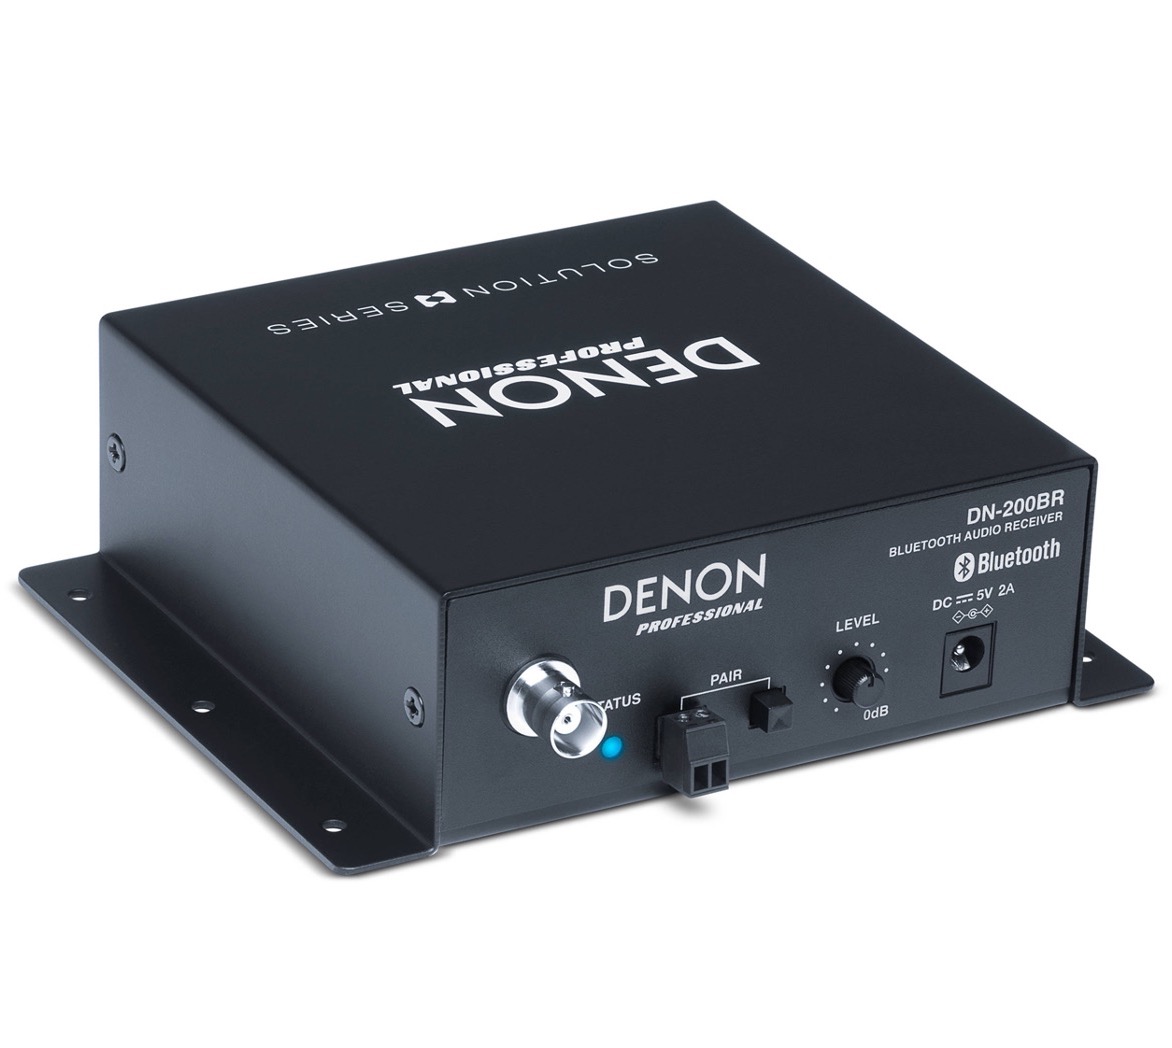 Denon Professional DN-200BR Bluetooth Receiver
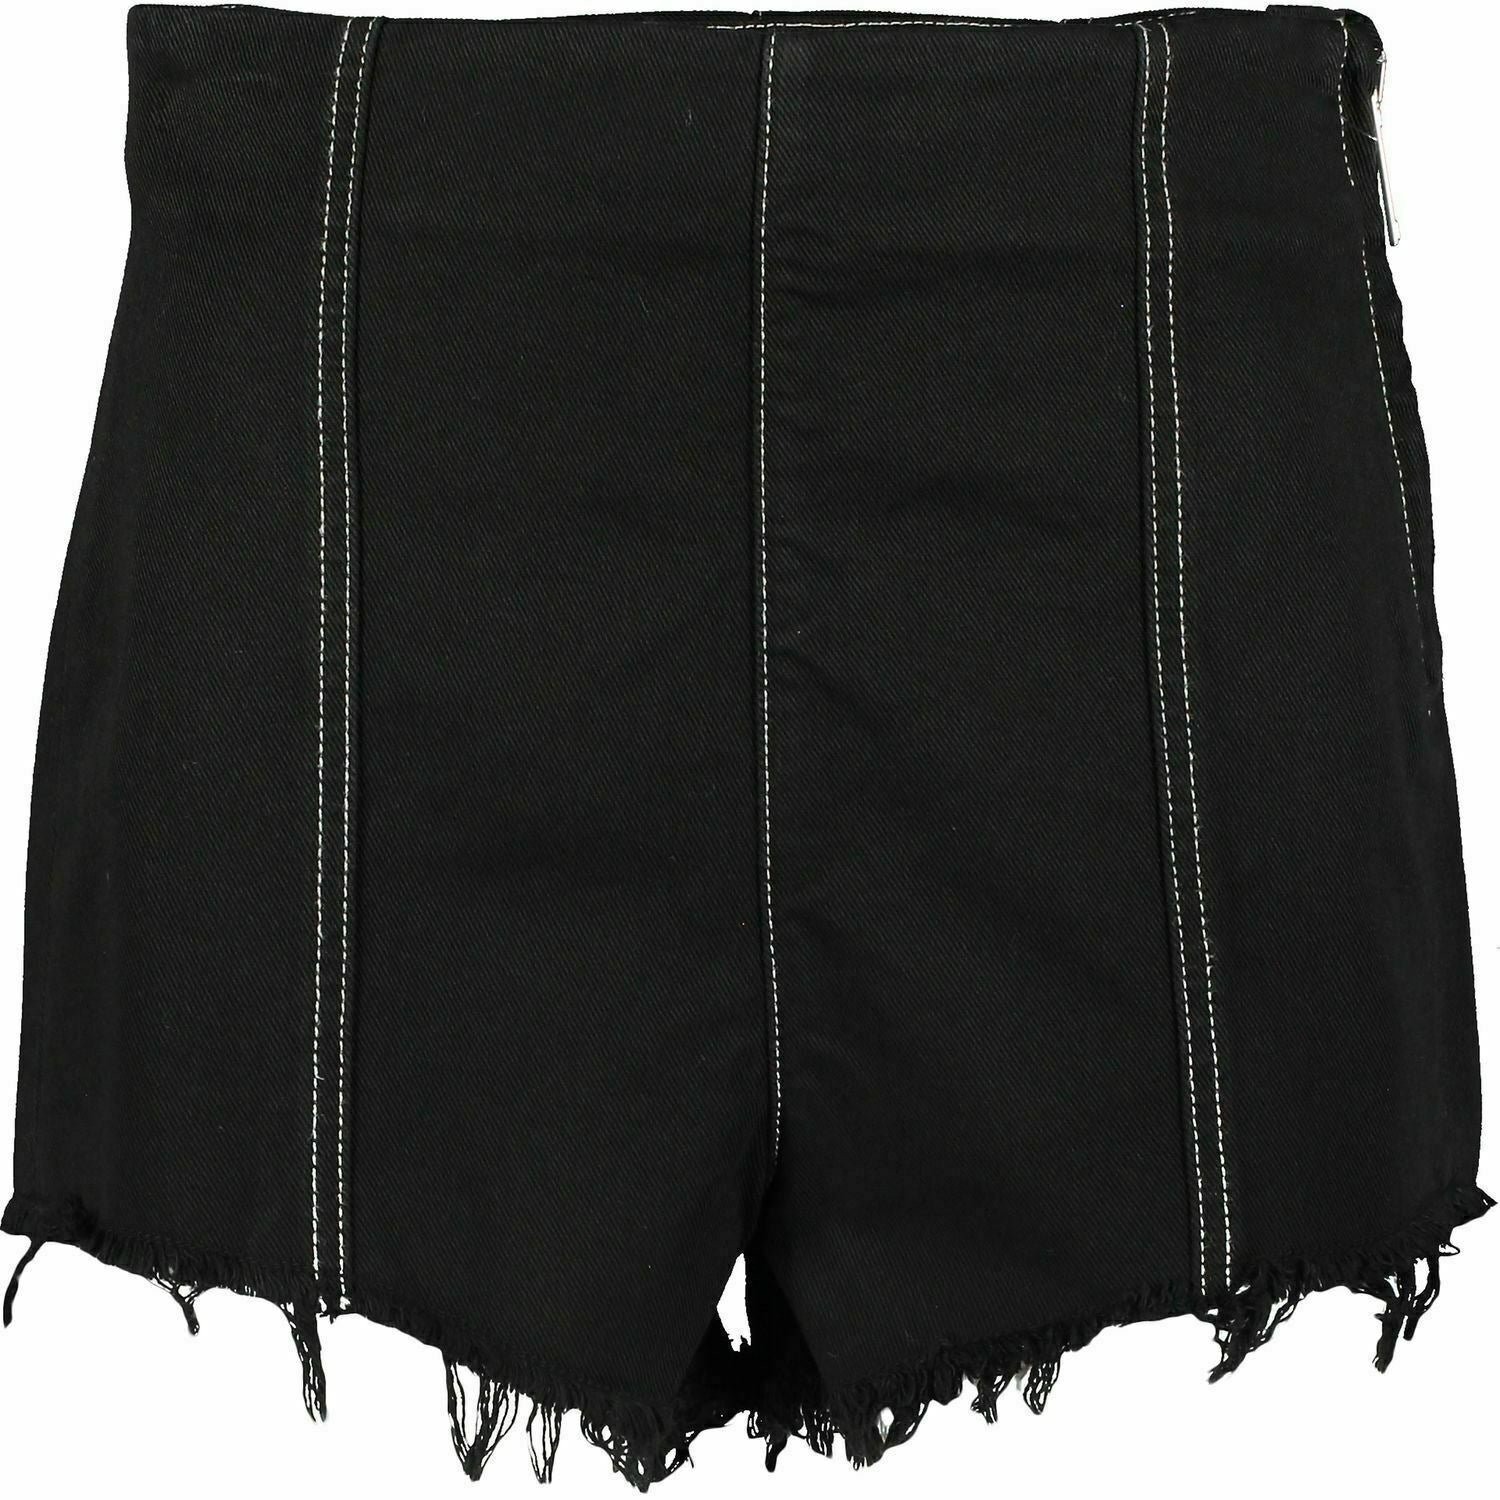 MSGM Women's High Waisted Denim Shorts, Black, size UK 6 / IT 38
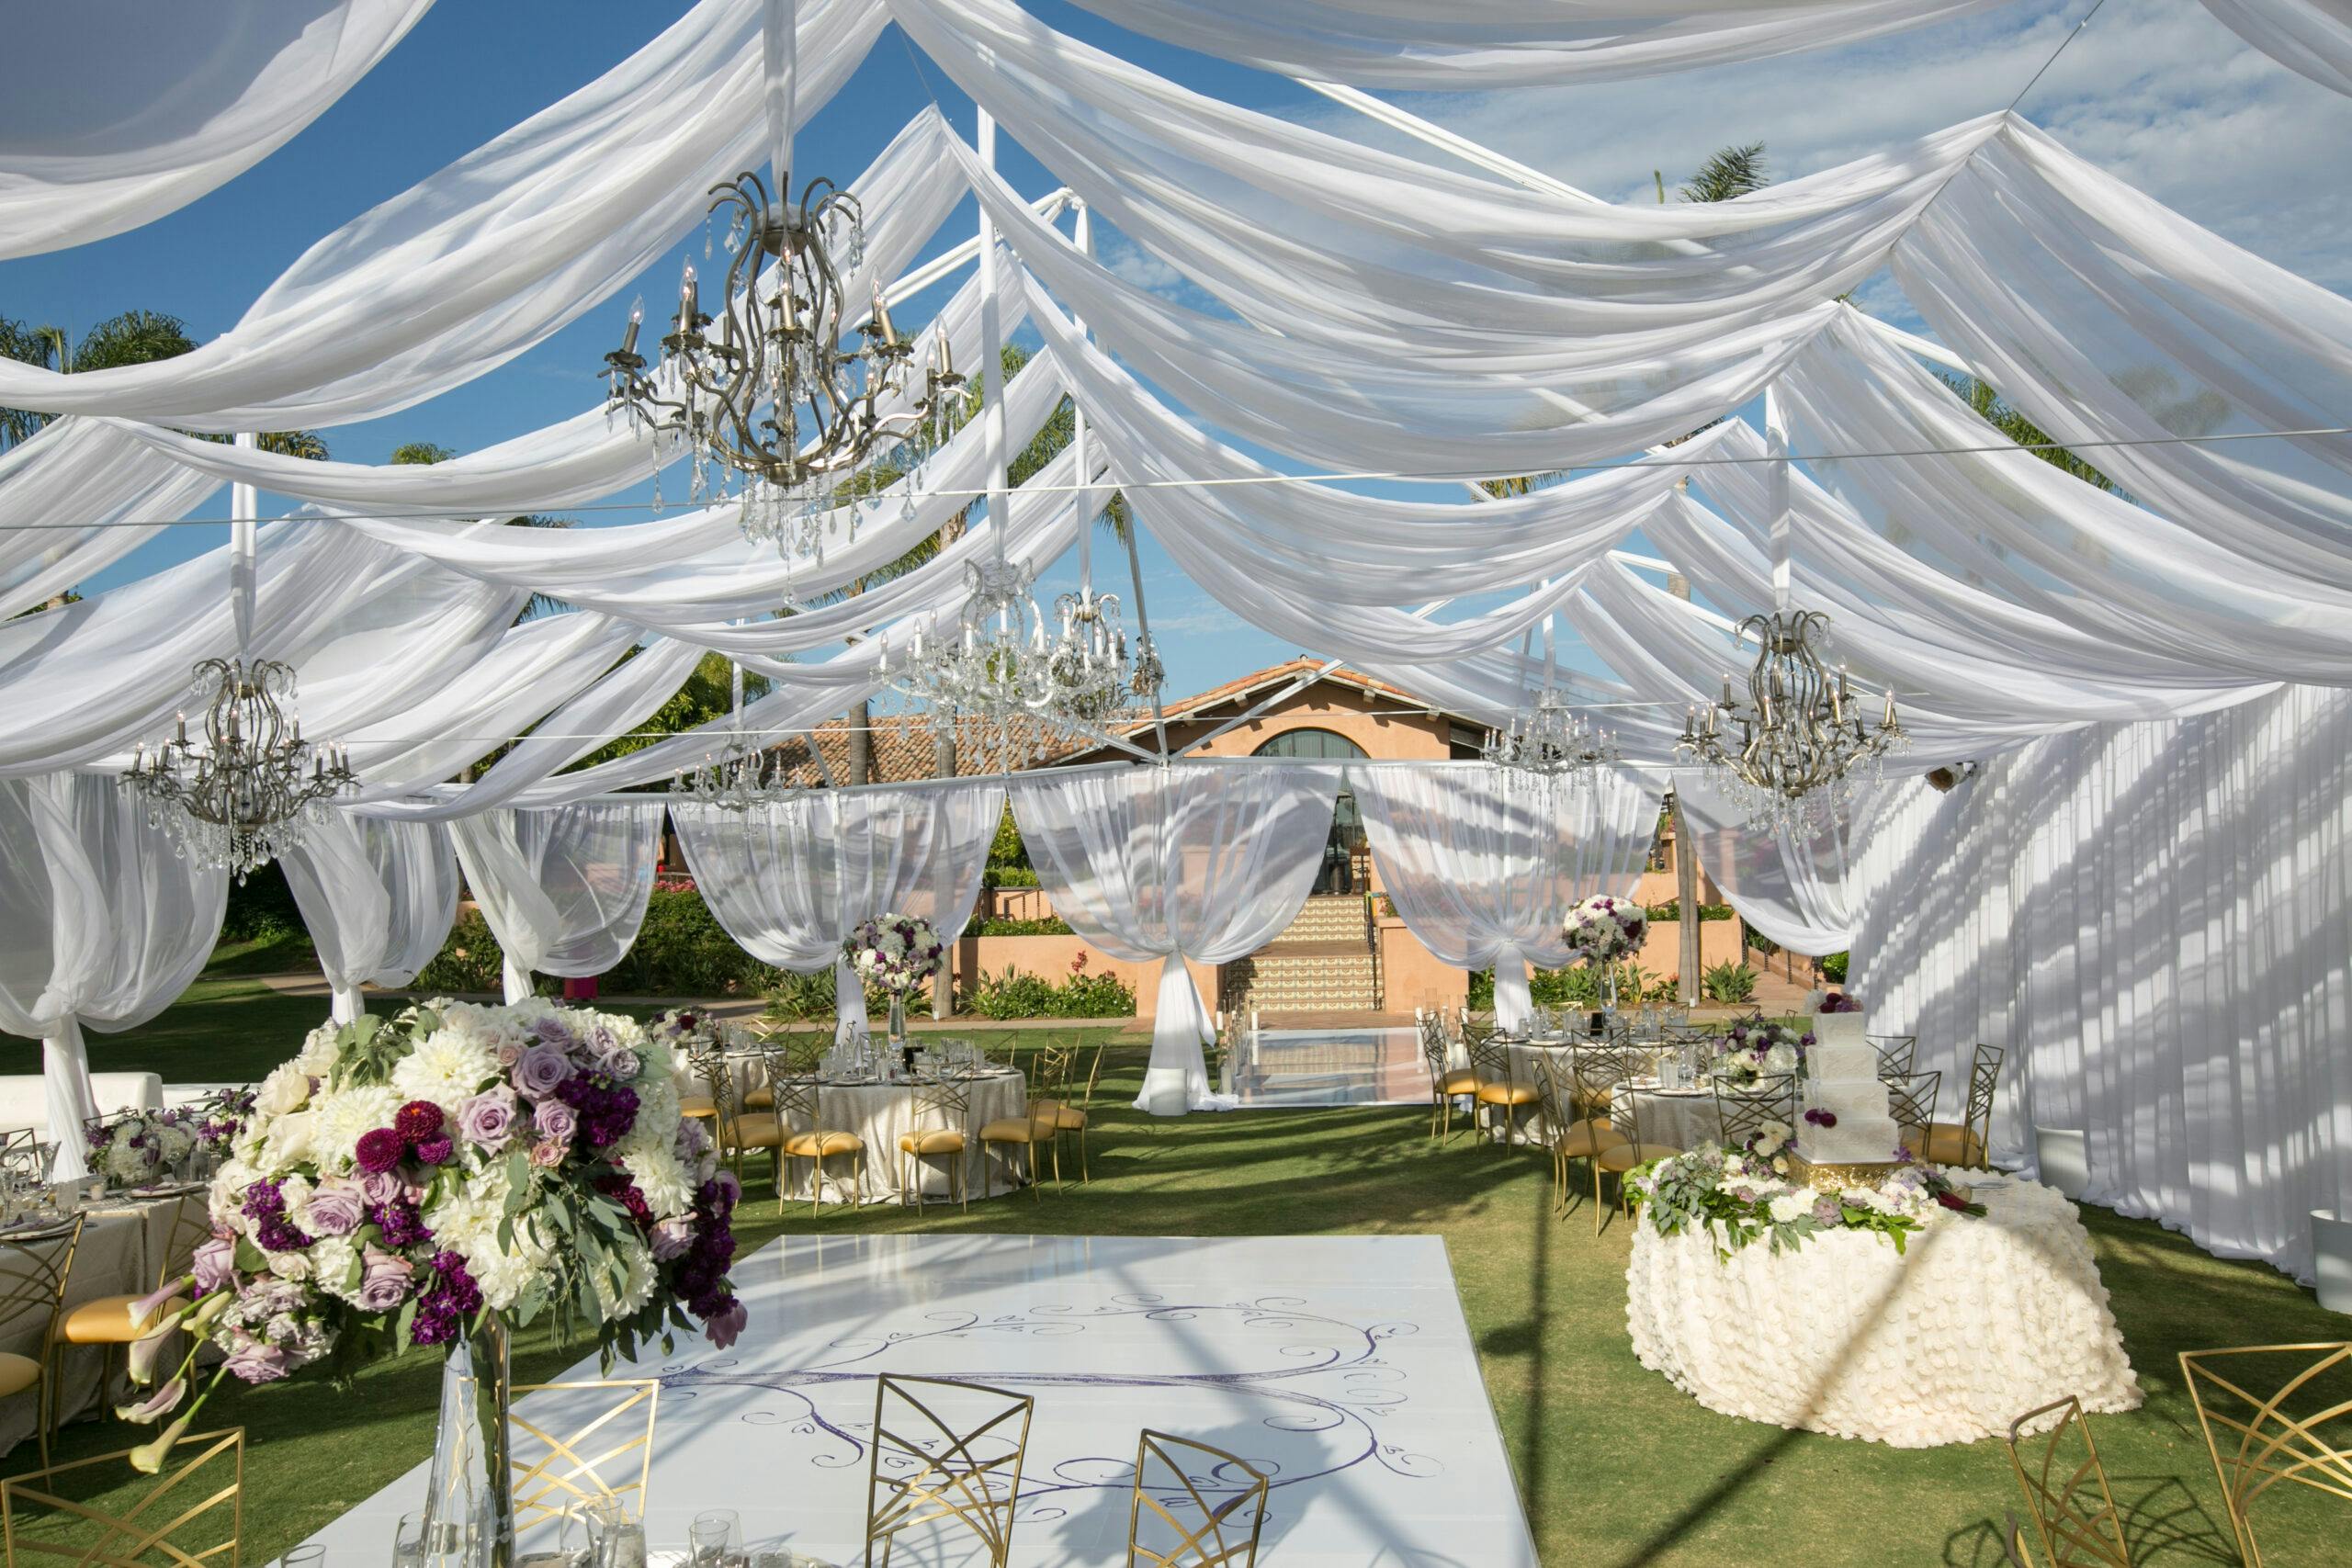 outdoor wedding tents ideas

^^^^

- **Exercise prompt**: With the pictures removed, return the full listing exactly as given.

- **Exercise answer**:
 Denon Professional DN-200BR Bluetooth Receiver
 MSGM Women's High Waisted Denim Shorts, Black, size UK 6 / IT 38
 outdoor wedding tents ideas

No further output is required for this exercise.